Description of the task: Please give the lines below again exactly as they stand, from the one that contains "IL S'AGIT D'UNE PRÉCOMMANDE" up to and including the one that contains "Avec une forme", leaving all pictures out.

Supplied records:
▬▬▬▬▬▬▬▬▬▬

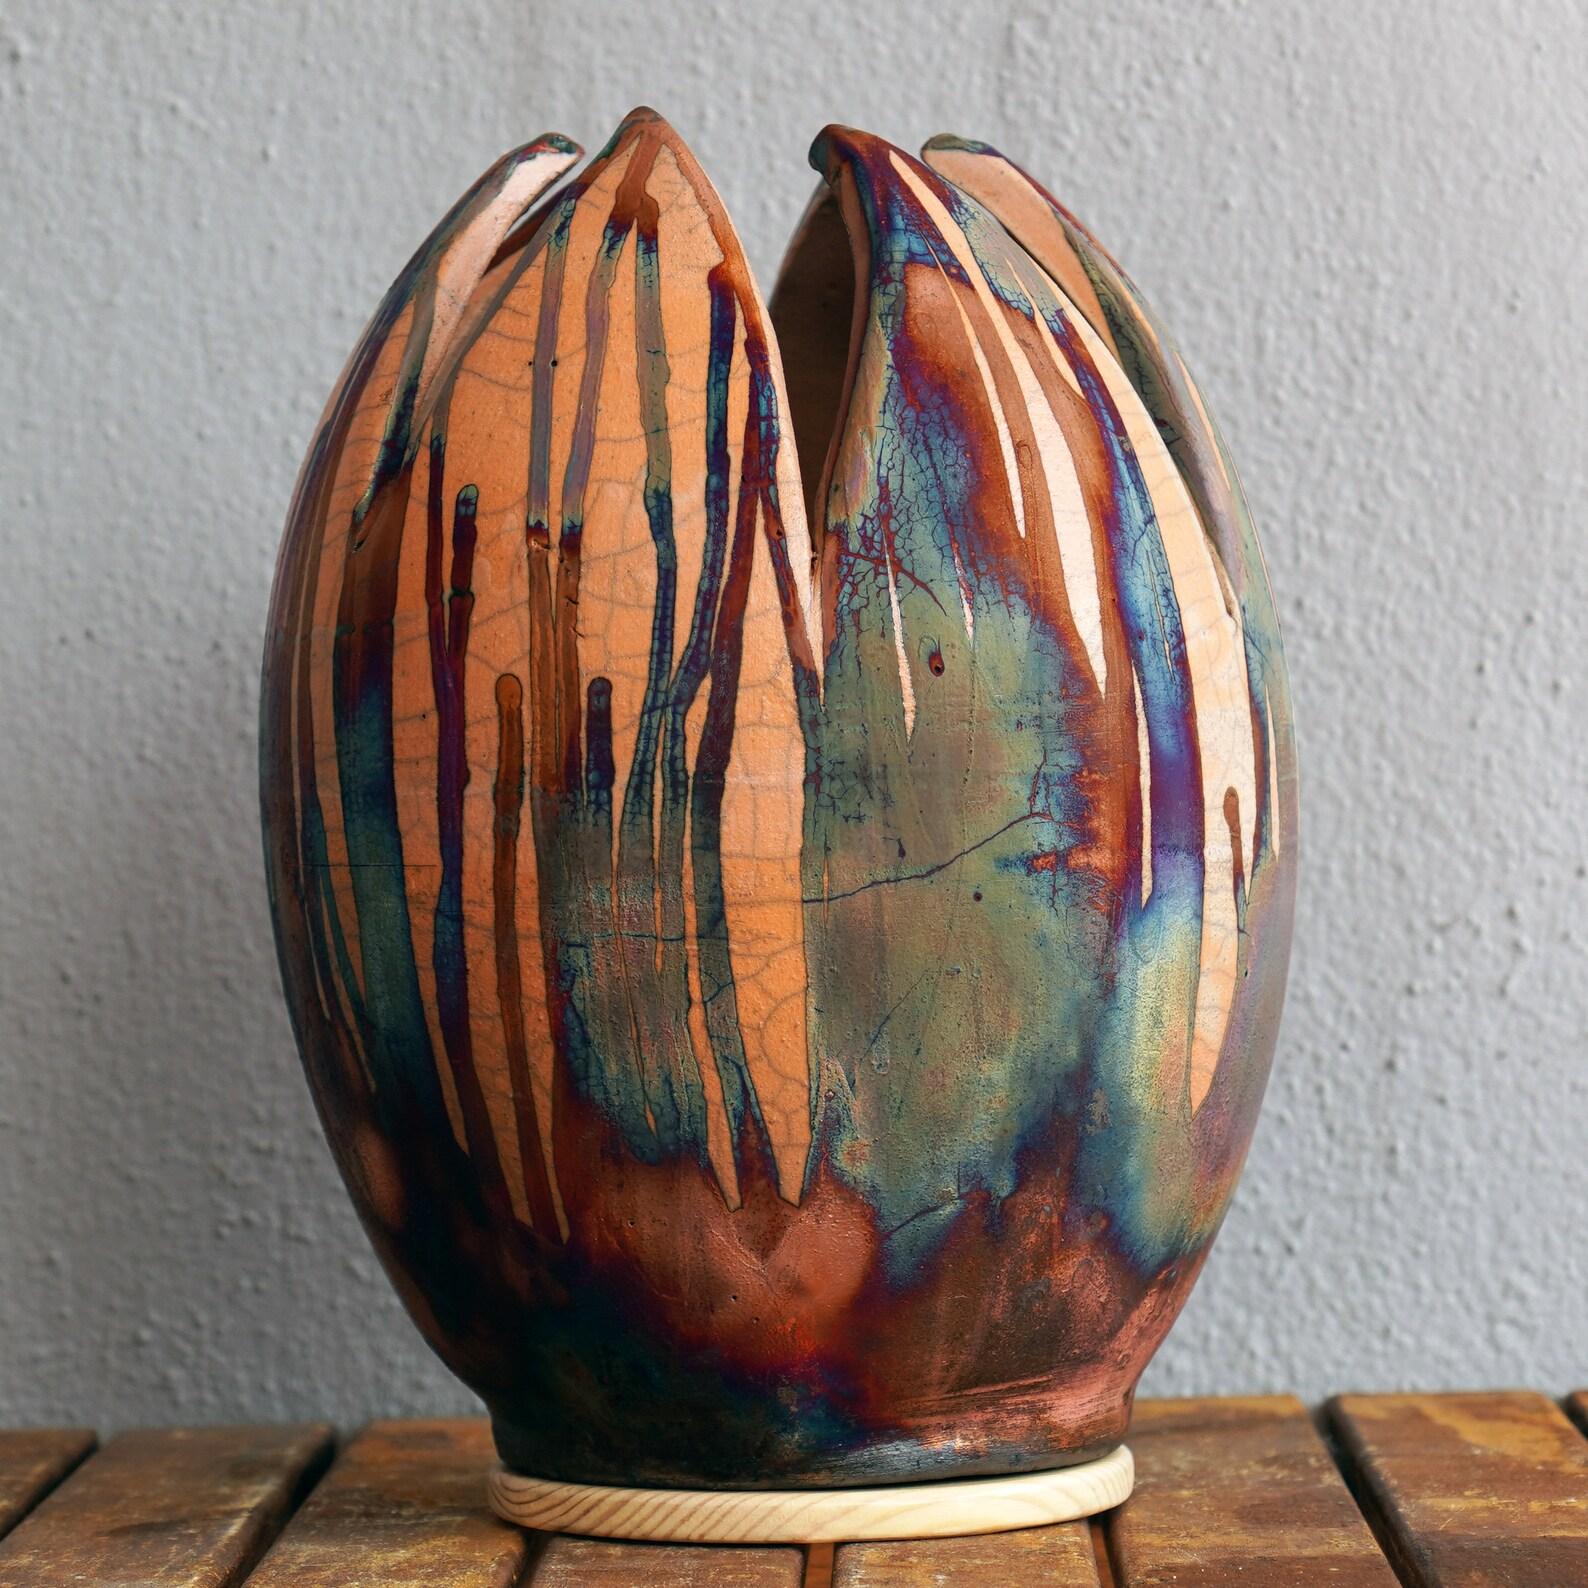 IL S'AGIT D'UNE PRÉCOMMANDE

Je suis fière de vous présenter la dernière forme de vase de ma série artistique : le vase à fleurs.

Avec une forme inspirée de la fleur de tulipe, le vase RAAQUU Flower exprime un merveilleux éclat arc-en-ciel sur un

▬▬▬▬▬▬▬▬▬▬

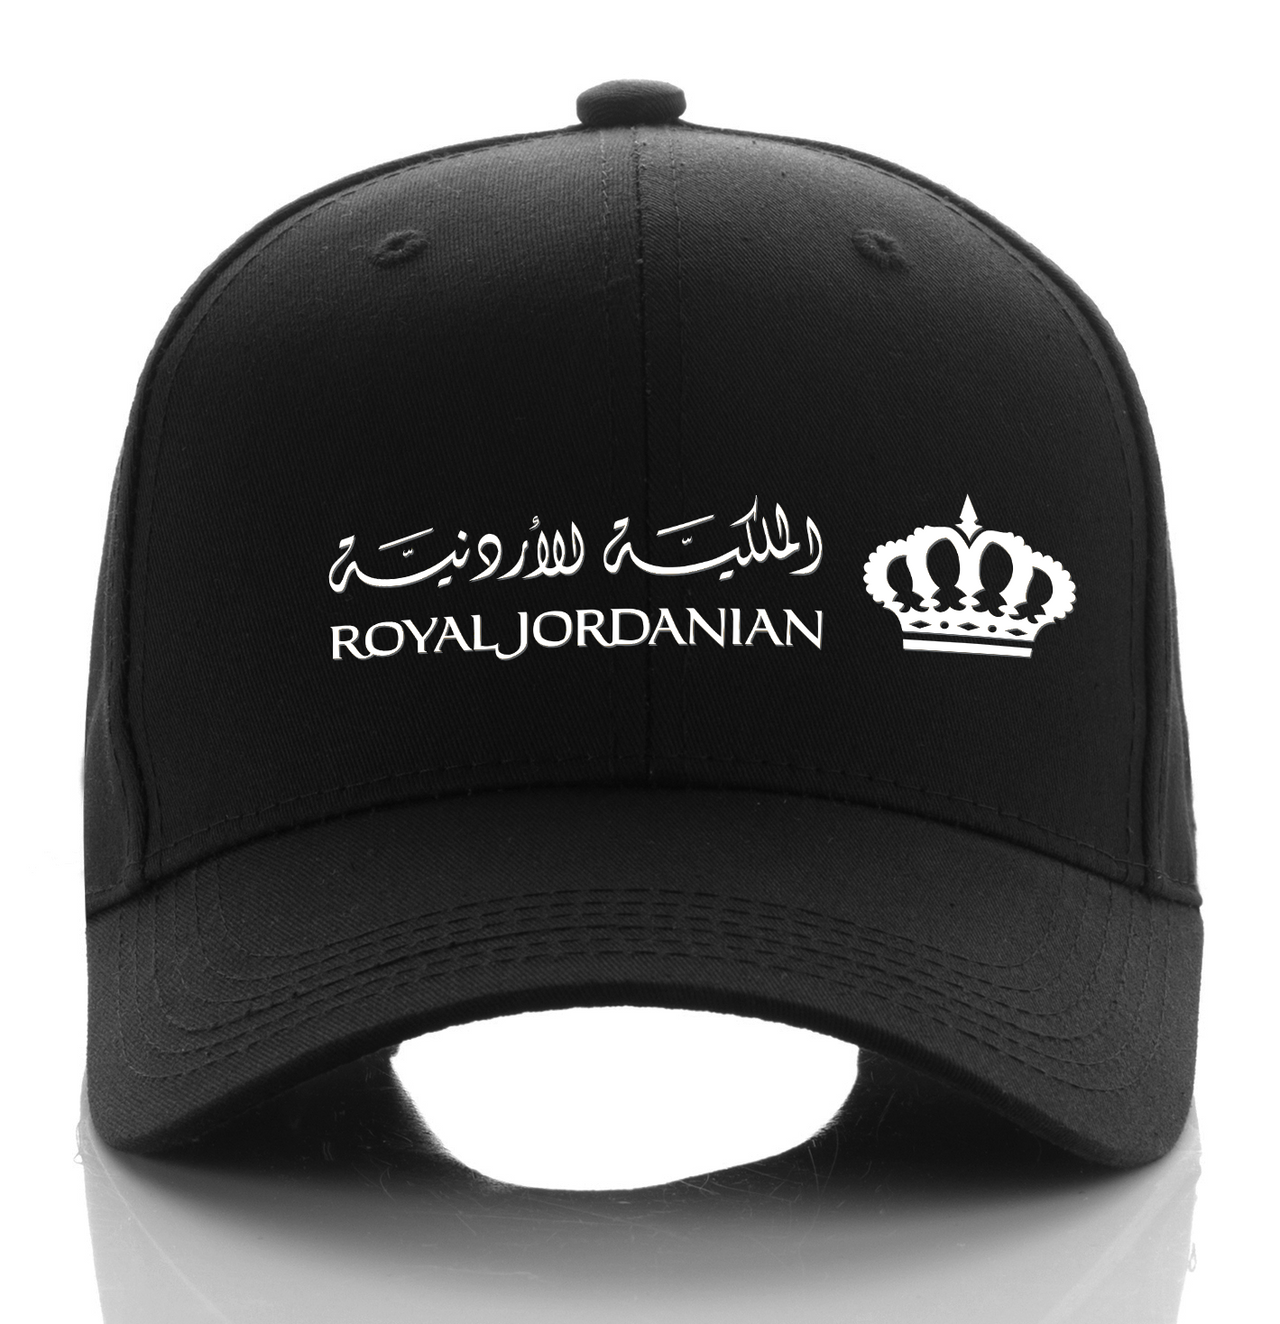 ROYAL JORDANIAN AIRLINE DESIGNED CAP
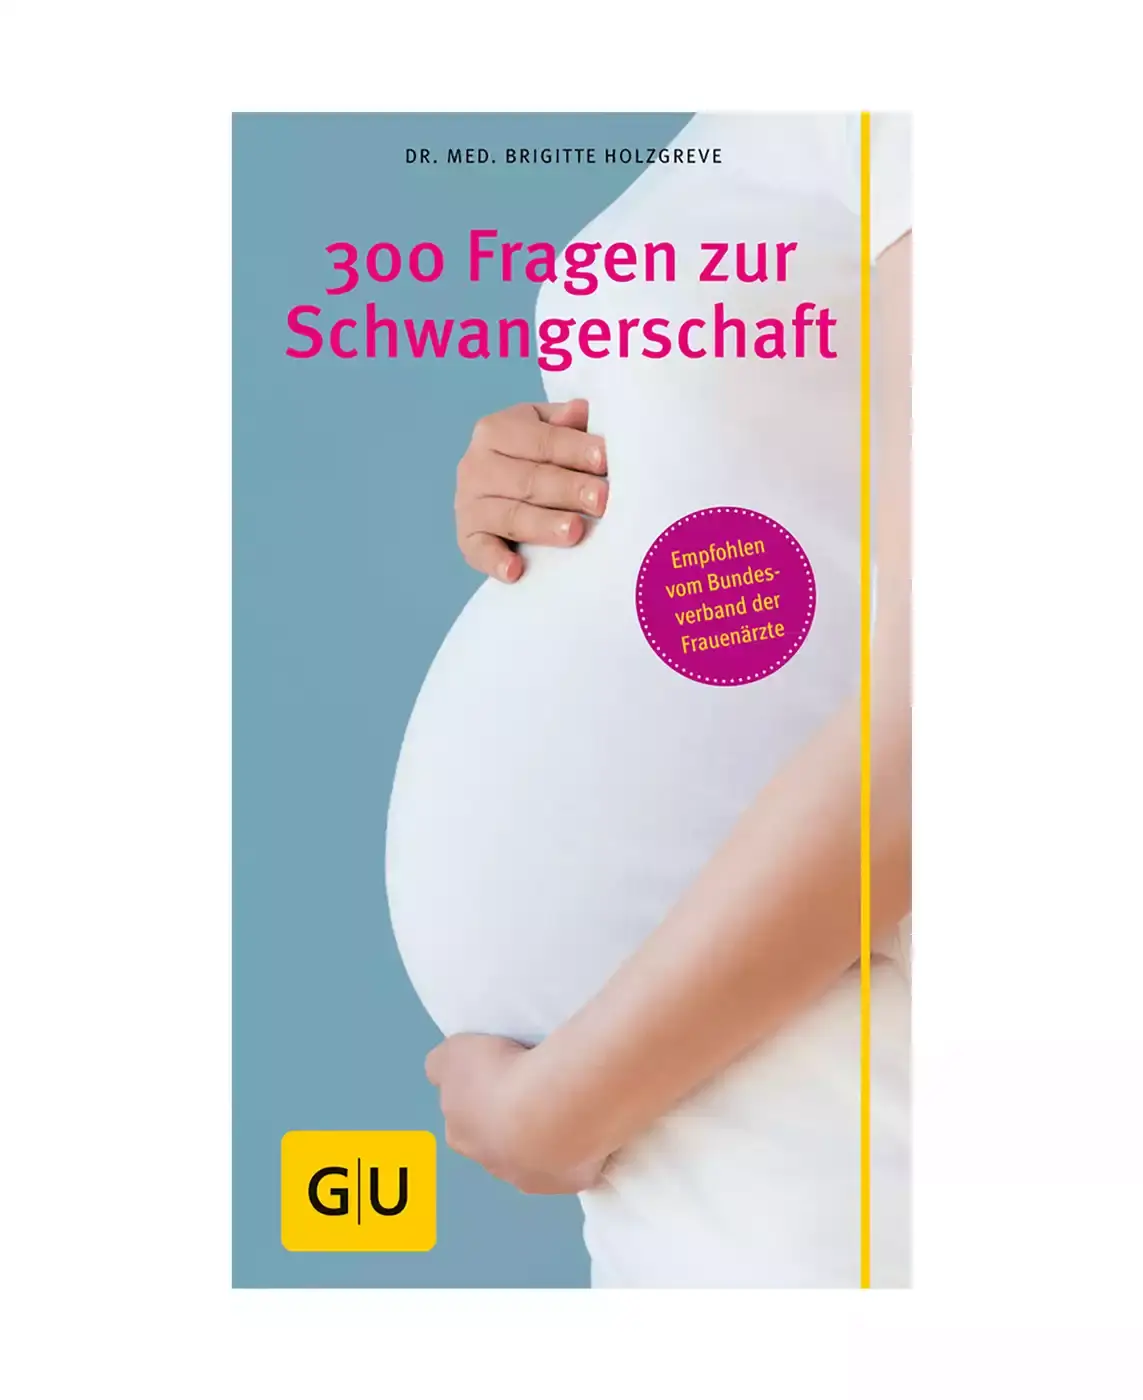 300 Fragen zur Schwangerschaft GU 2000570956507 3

▬▬▬▬▬▬▬▬▬▬

Answer for this exercise:
 IL S'AGIT D'UNE PRÉCOMMANDE

Je suis fière de vous présenter la dernière forme de vase de ma série artistique : le vase à fleurs.

Avec une forme inspirée de la fleur de tulipe, le vase RAAQUU Flower exprime un merveilleux éclat arc-en-ciel sur un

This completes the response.